* _WORK TO BE COMPLETED_
For the material below, reproduce exactly each line from the one that has "Dinner with U" through the one that has "MOGO - eCommerce features", and no others; pictures stay out.

* _MATERIAL PROVIDED_
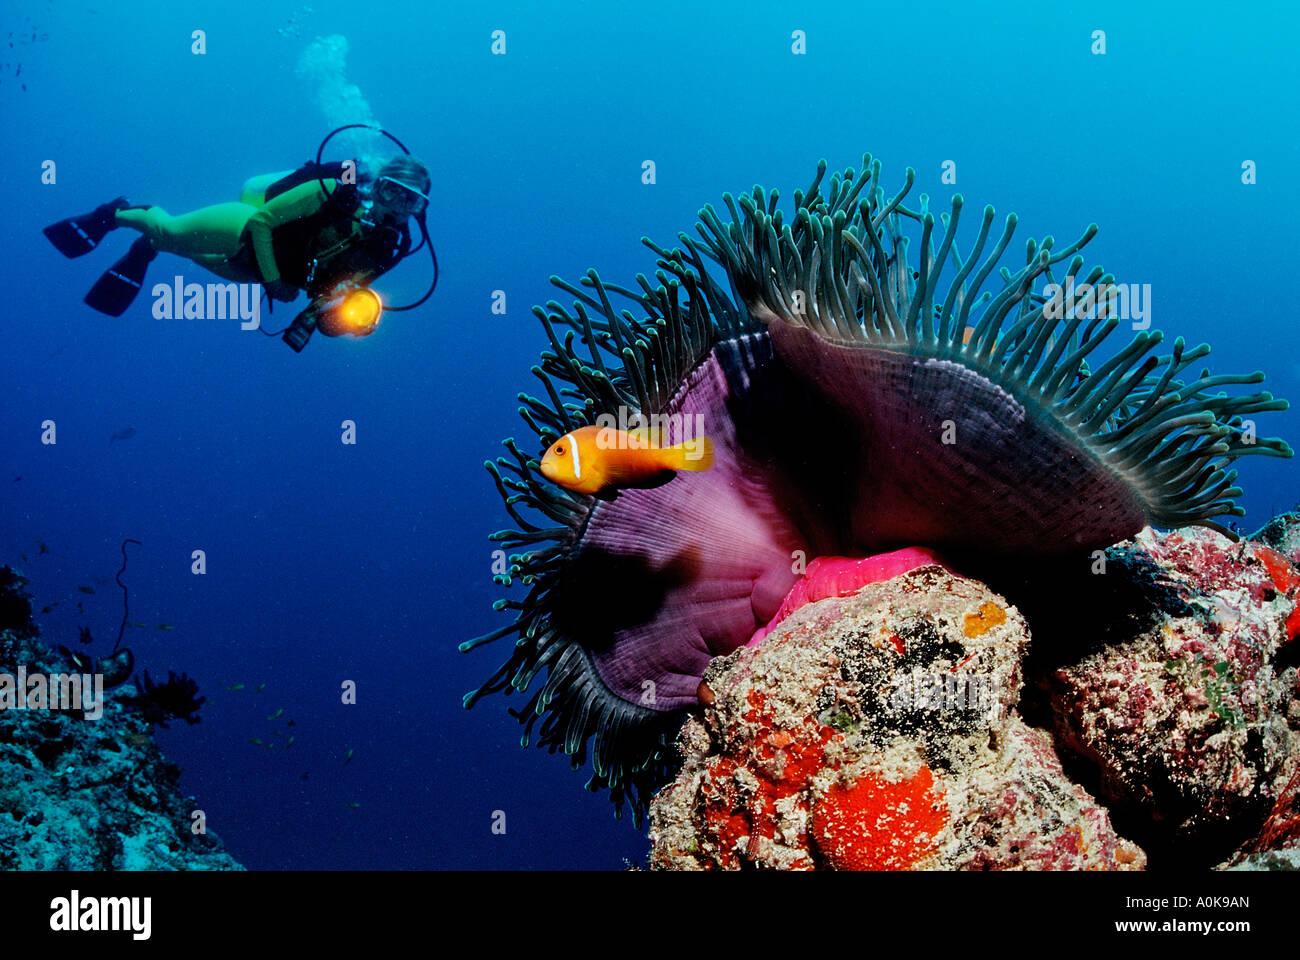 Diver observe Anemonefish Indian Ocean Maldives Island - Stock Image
* * *
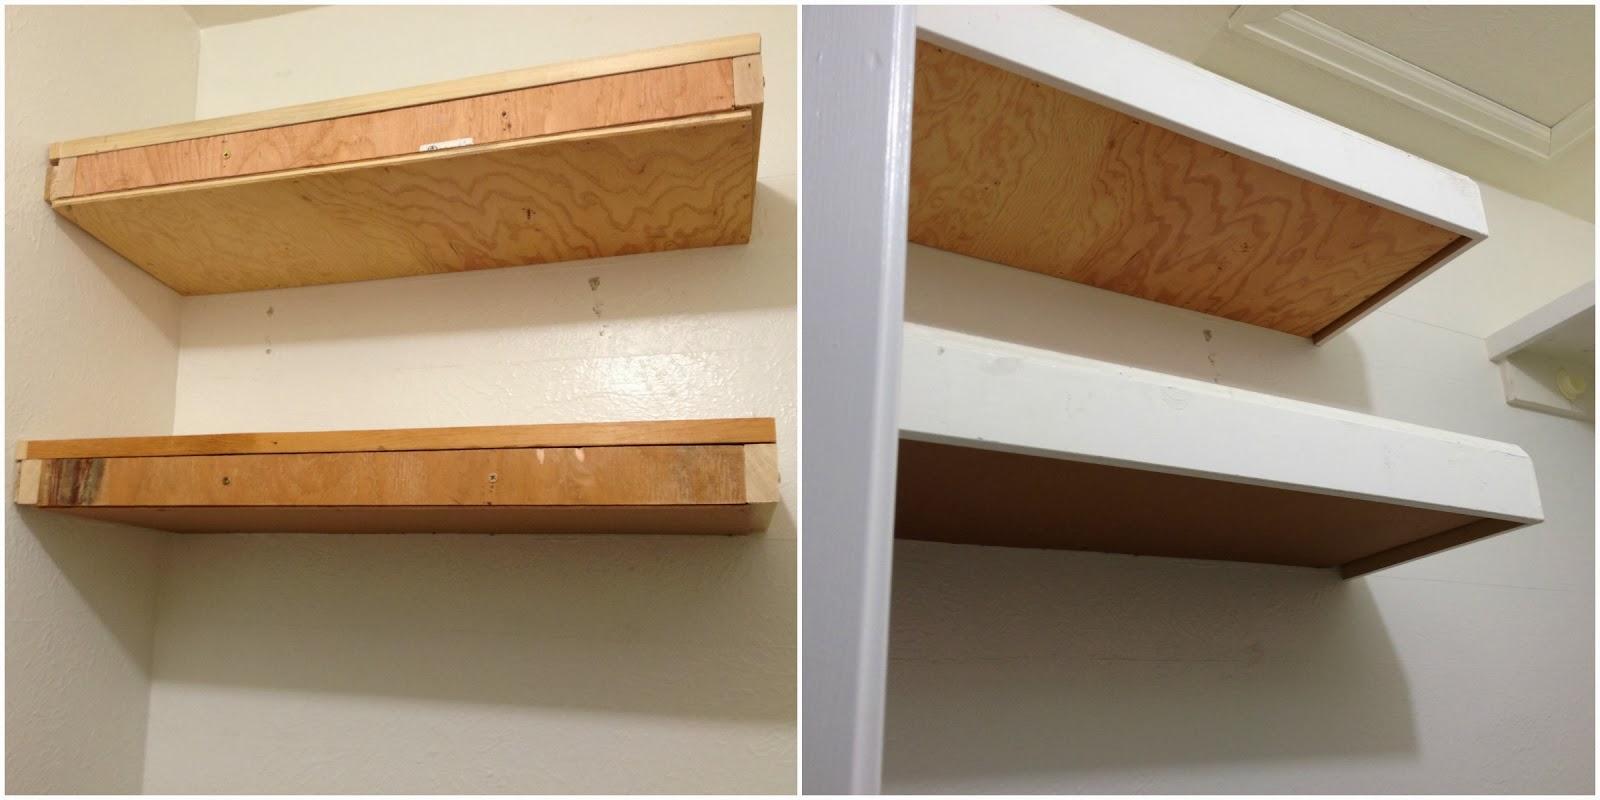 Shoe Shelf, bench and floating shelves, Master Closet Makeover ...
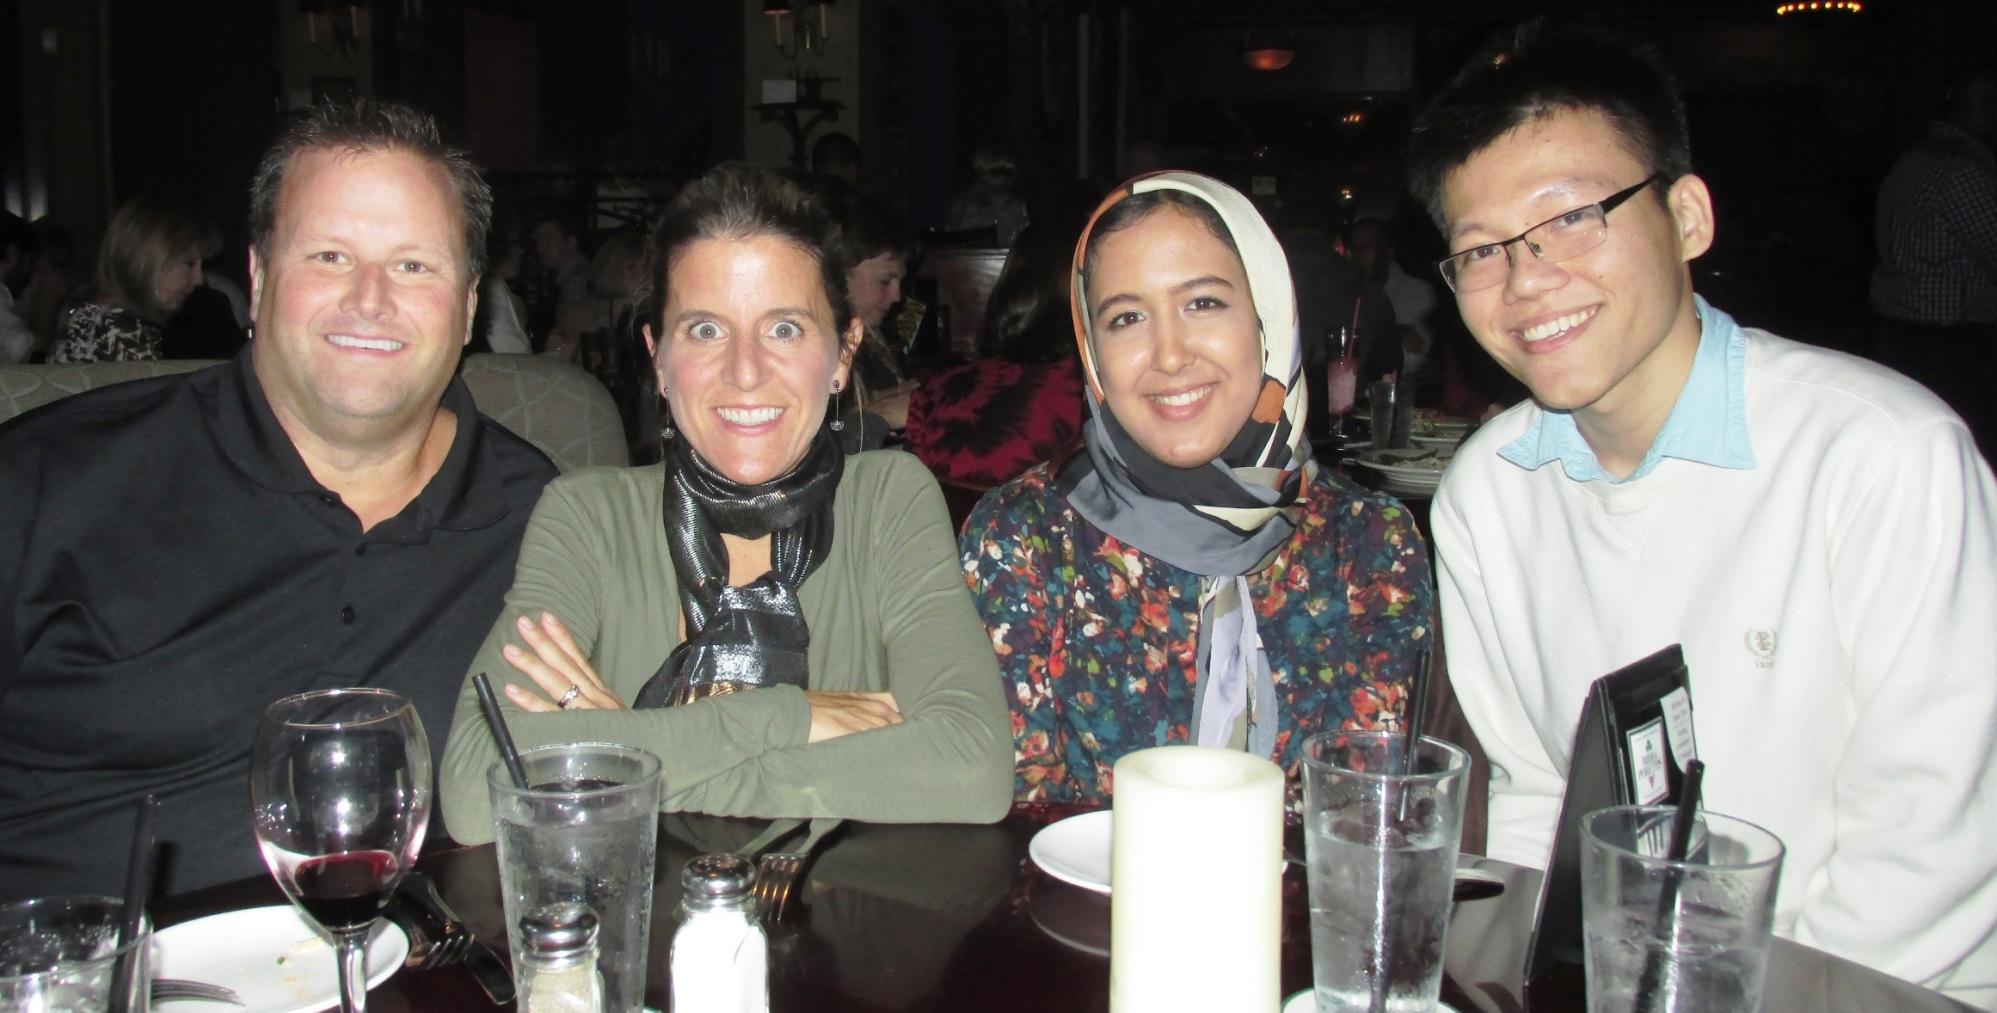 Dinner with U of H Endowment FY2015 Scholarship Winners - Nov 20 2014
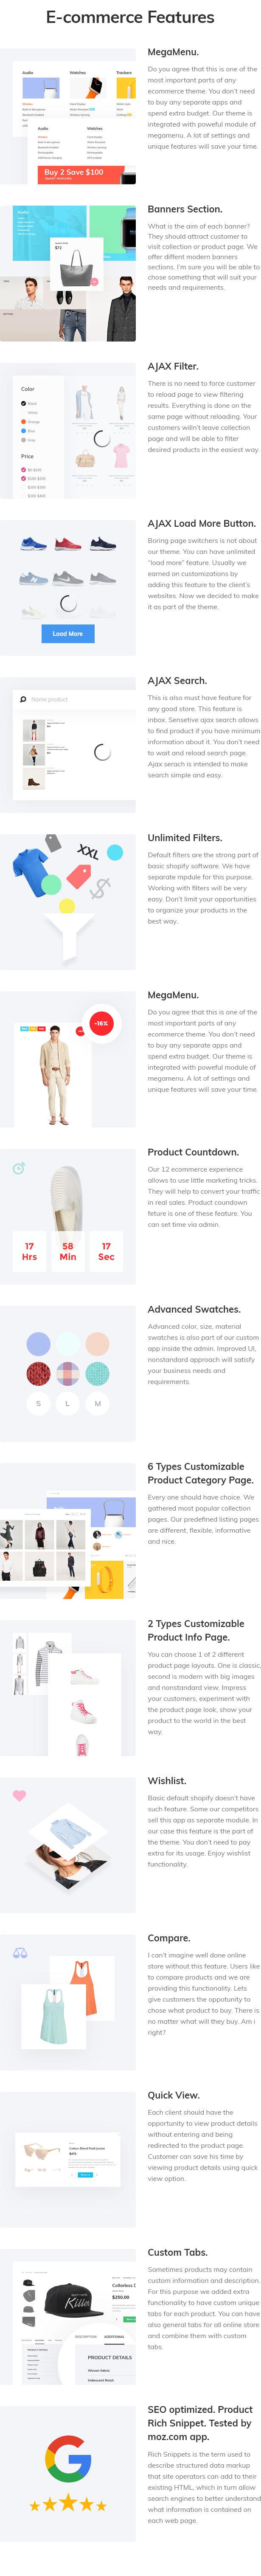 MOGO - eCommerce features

* _SOLVED EXERCISE_
 Dinner with U of H Endowment FY2015 Scholarship Winners - Nov 20 2014
 MOGO - eCommerce features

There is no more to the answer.